Single-stage arterial switch operation conversion with dextro-transposition of the great arteries and pulmonary arterial hypertension due to baffle leak after a Senning procedure

Sorachi Shimada a,b,, Tomomi Uyeda a, Yoshichika Maeda a, Takumi Kobayashi a, Kanako Kishiki a, Yuji Hamamichi a, Satoshi Yazaki a, Naoki Wada c, Yukihiro Takahashi c, In-Sam Park a,d, Tadahiro Yoshikawa a
PMCID: PMC9605894  PMID: 36312768

Abstract

Patients who have undergone an atrial switch operation for dextro-transposition of the great arteries (dTGA) sometimes suffer from right ventricular dysfunction, tricuspid regurgitation, arrhythmias, or baffle leaks. We report the first case of single-stage arterial switch operation conversion in an adult patient with dTGA and pulmonary arterial hypertension (PAH) due to a baffle leak after a Senning procedure. Perioperative mechanical circulatory support was required for 3 weeks. Although chronic kidney disease persisted, her left ventricular function and pulmonary hypertension improved over the first postoperative year. This is a rare case, and we believe that the patient's PAH might have helped the left ventricle withstand systemic pumping for over two decades.

Learning objective

Patients with dextro-transposition of the great arteries may face problems after an atrial switch operation because their right ventricle is responsible for systemic pumping. Staged arterial switch operation conversion is a strategy that can combat these problems but increases the risk of perioperative mortality. Pulmonary arterial hypertension allows for single-stage arterial switch operation, but the operative risk may be higher.

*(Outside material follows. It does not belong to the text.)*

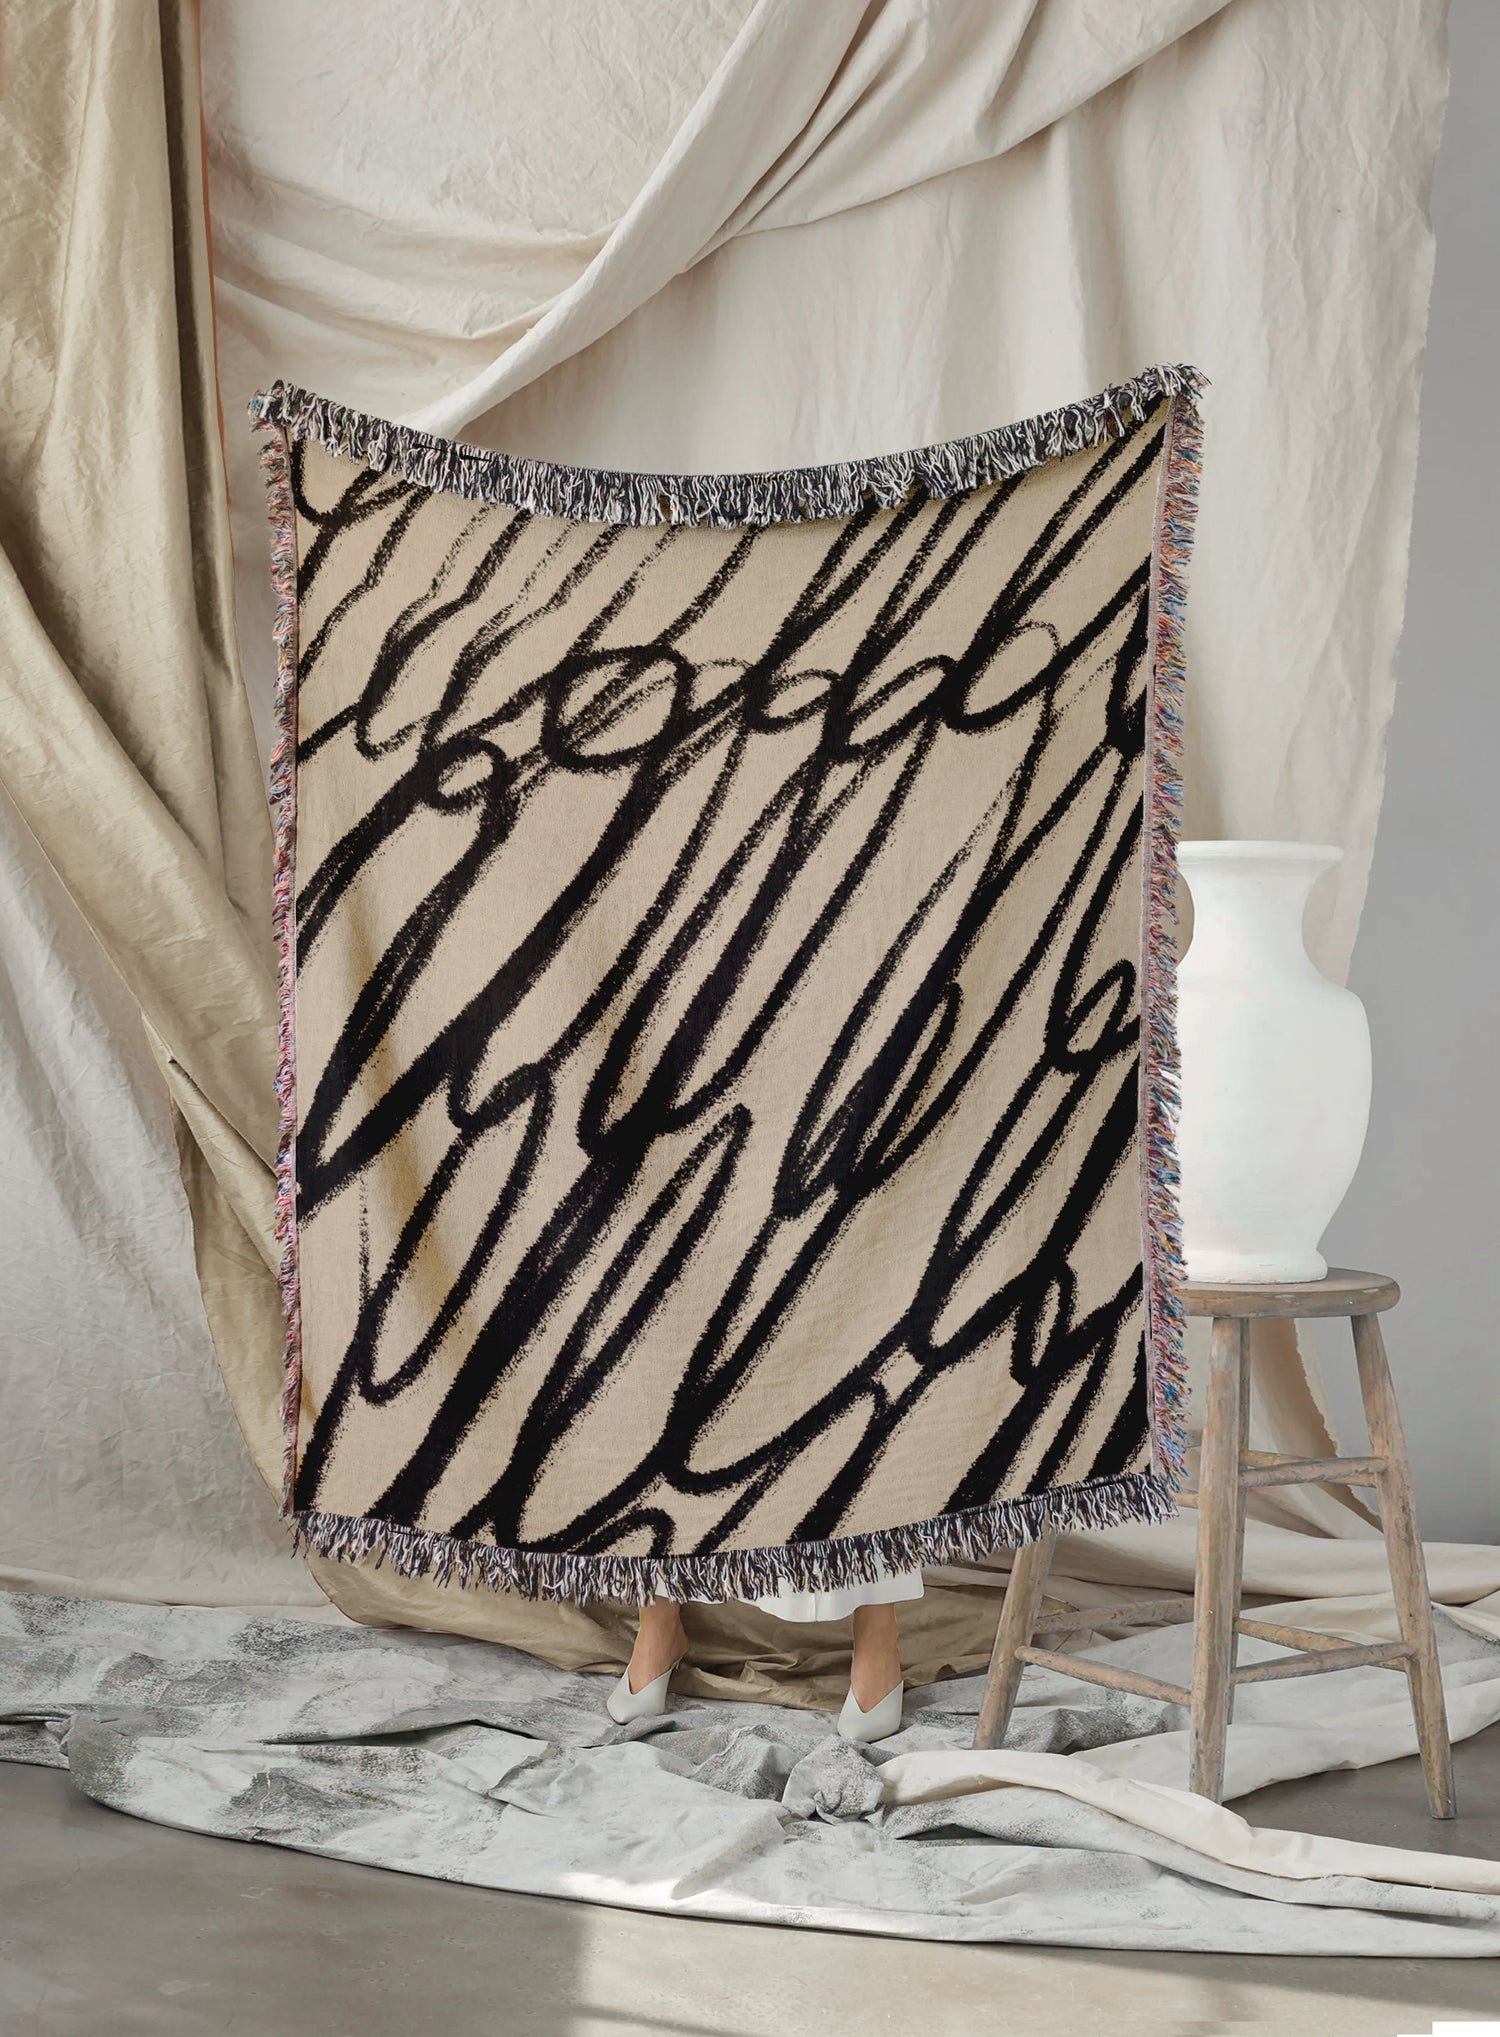 Woven throw, cotton plaid, decor, blanket, living room home decor, beige, black, abstract

Keywords: Dextro-looped transposition of the great arteries, Arterial switch operation, Arterial switch operation conversion, Baffle leak, Pulmonary arterial hypertension, Congenital heart disease

Introduction

Atrial switch operations were performed to treat patients with dextro-transposition of the great arteries (dTGA) until the 1980s, when the arterial switch operation (ASO) replaced it as the standard treatment for dTGA. More recently, atrial switch surgery has been associated with several complications. A recent systematic review showed that late mortality in patients who had undergone an atrial switch was 11 % [1]. The major cardiac causes included arrhythmias (45 %) and congestive heart failure as a result of right ventricular (RV) dysfunction (21 %), which gradually worsened over time.

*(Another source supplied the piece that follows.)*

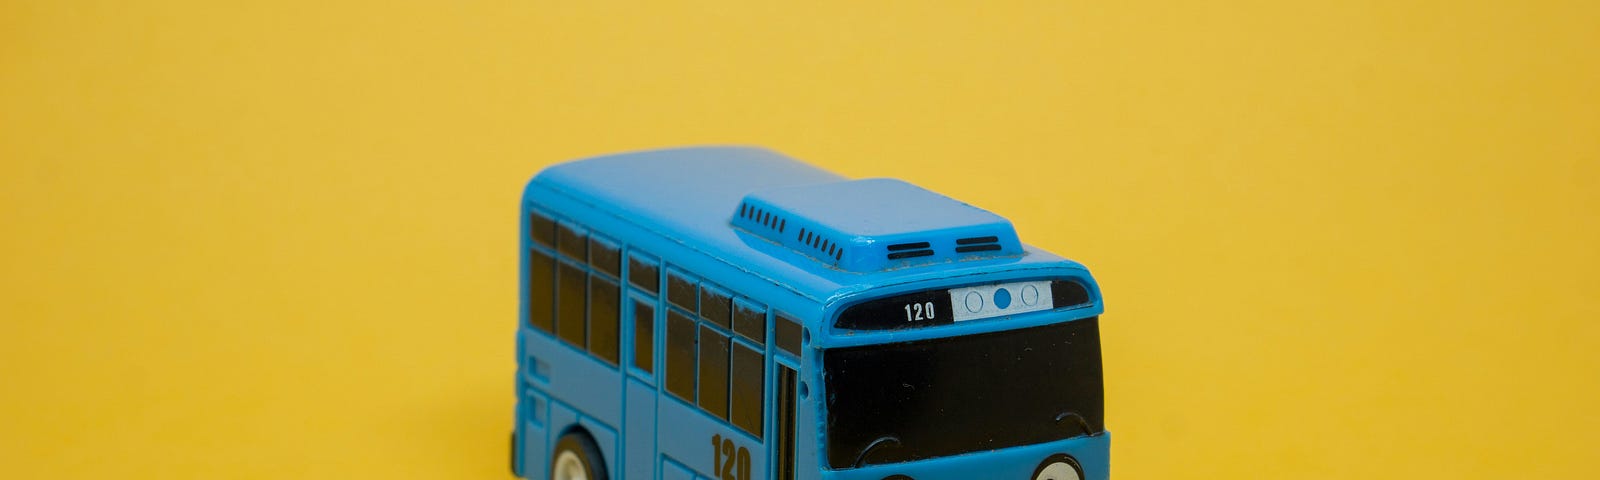 Blue toy bus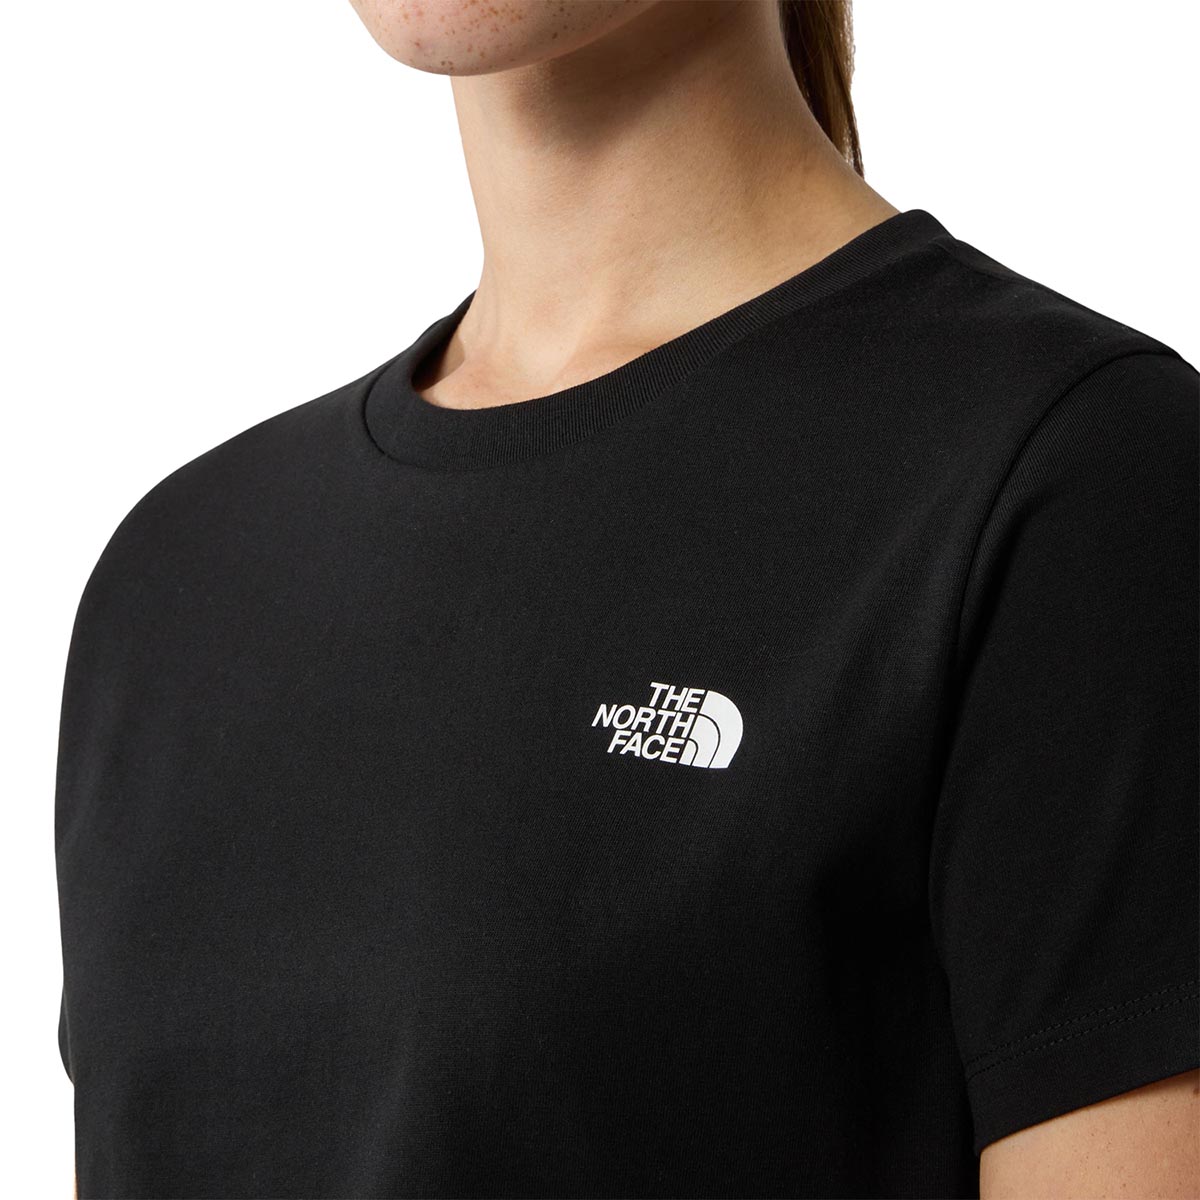 THE NORTH FACE - SIMPLE DOME

Patients who have undergone atrial switch operations sometimes require tricuspid valve surgery [2]. A few reports have suggested staged ASO conversion. The first stage consists of pulmonary artery banding to train the left ventricular (LV) myocardium to act as the systemic pump. The following stage consists of ASO, removal of the atrial switch connection, and reconstruction of the interatrial septum [3]. Although ASO conversion seems to be a better strategy than tricuspid valve repair, the mortality of this staged procedure is as high as 20–30 % since the LV is not adapted to systemic pumping [4]. The only other alternative is heart transplantation, which is rarely performed in Japan.

We report a case of single-stage ASO conversion after a Senning procedure. Our case had three notable differences in comparison with cases in previous reports. First, the patient's RV function was preserved. Second, she had severe pulmonary arterial hypertension (PAH) since she was 4 years old. Third, single-stage ASO conversion has been rarely reported. Only 11 known successful cases have been reported in the literature to date, all of which had native LV outflow tract stenosis or atrial baffle obstruction [2], [5], [6], [7].

Case report

A 32-year-old woman with congenital dTGA with intact ventricular septum had undergone a Senning procedure at 5 months of age. Postoperatively, her mean pulmonary arterial pressure gradually increased to 20, 45, 45, 48, and 80 mmHg at 1, 4, 15, 20, and 23 years of age, respectively. Her mean pulmonary capillary wedge pressure had never been >15 mmHg; therefore, the cause of her PAH was considered to be a result of atrial shunt of a Senning baffle leak. Transcatheter baffle leak closure was attempted but failed due to the shape and size of the defect. Hence, bosentan and beraprost (PAH-specific medications) were given, and subsequent surgical repair was planned.

Atrial tachycardia occurred at the age of 30 years. Catheter ablation treatment was performed, and the arrhythmia did not recur. During this period, the patient received several second opinions on her future course of treatment.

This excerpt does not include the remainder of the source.